As any good drum teacher will tell you, timing is everything.
For some, the timing surrounding yesterday’s hearing will be beneficial to their political interests while others will see it as disastrous.
First Minister Nicola Sturgeon does not believe the trial of a former party grandee – or the most successful and recognisable male leader in the party’s history, to be matter of fact – will have any impact on results come December 12, but even she cannot surely believe that to be the case.
The SNP are a well-oiled, slick machine, where dissension in the ranks is not only rarely acknowledged, but quickly made to disappear.
Just ask one-time depute leader also-ran Christopher McEleny. He was in the running to become second-in-command in the party, but a few publicly shared off-message opinions since then saw him pretty much called out and booed at the party’s Aberdeen conference in October – if not by name, by “plan B” policy push at the very least.
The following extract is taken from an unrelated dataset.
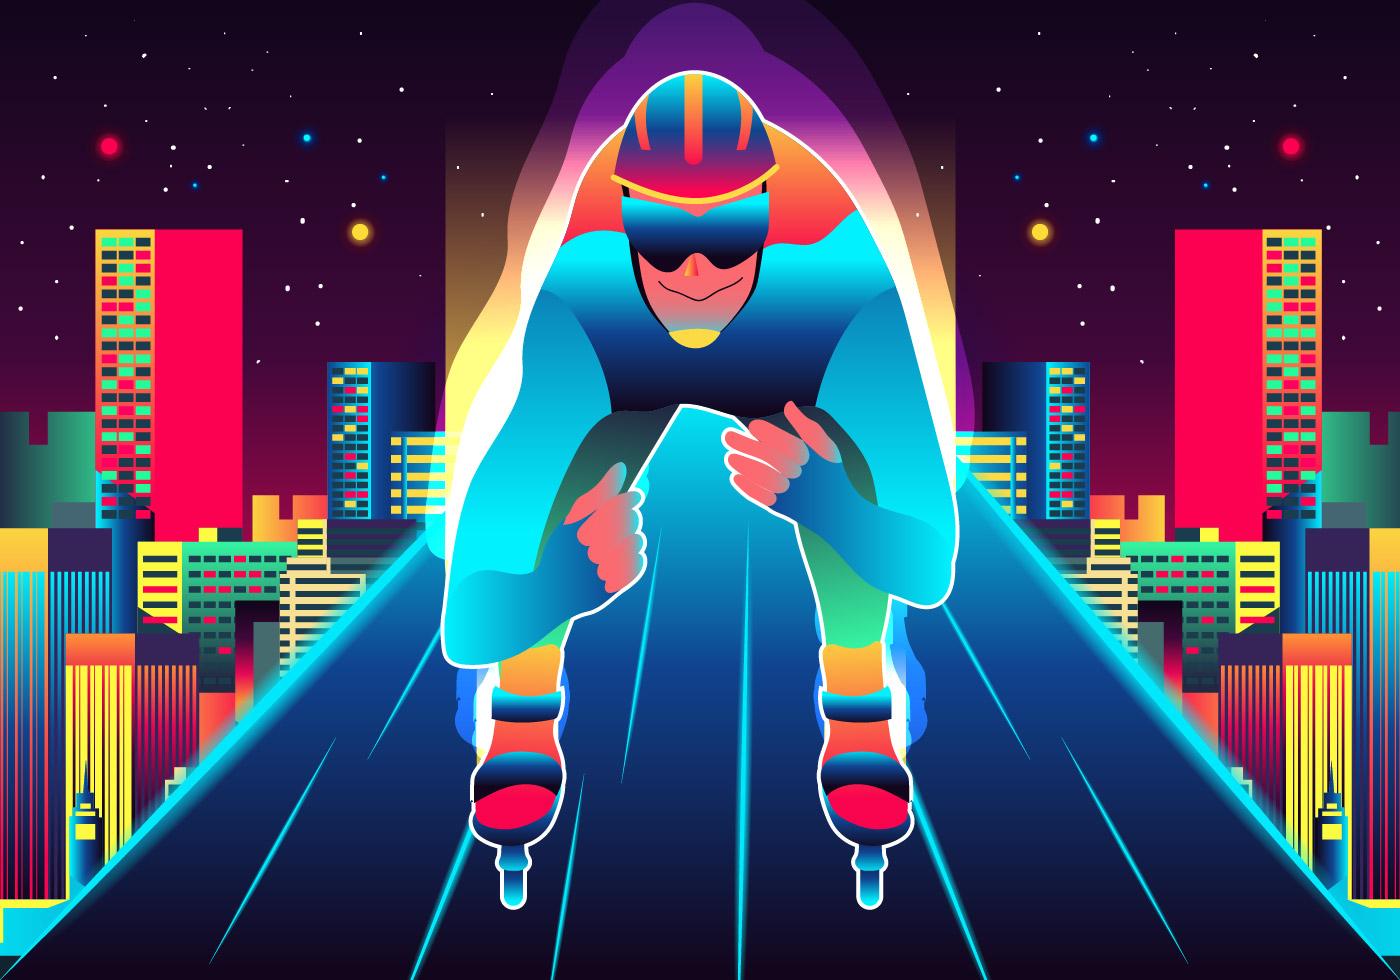 Man Skating On Roller Blade Download Free Vectors

So to say the SNP will not be expecting the trial to have an impact beggars belief.
SNP advisers and officers, to borrow a phrase from earlier, rarely miss a beat – especially as loud and as serious as the one being marked out on the Royal Mile yesterday morning.
It would do well for those looking to exploit the trial to remember there are alleged victims at the heart of it who deserve to have their claims listened to and anonymity respected.
To take advantage of their situation would be undemocratic, and unbecoming of anyone who claims to respect the rule of law.
So what must be at the forefront of the mind of every journalist covering the trial, every politician planning their next move and every member of the public with a social media account and gossip they think it would be a good idea to share – justice has to be served, in its entirety and to the letter.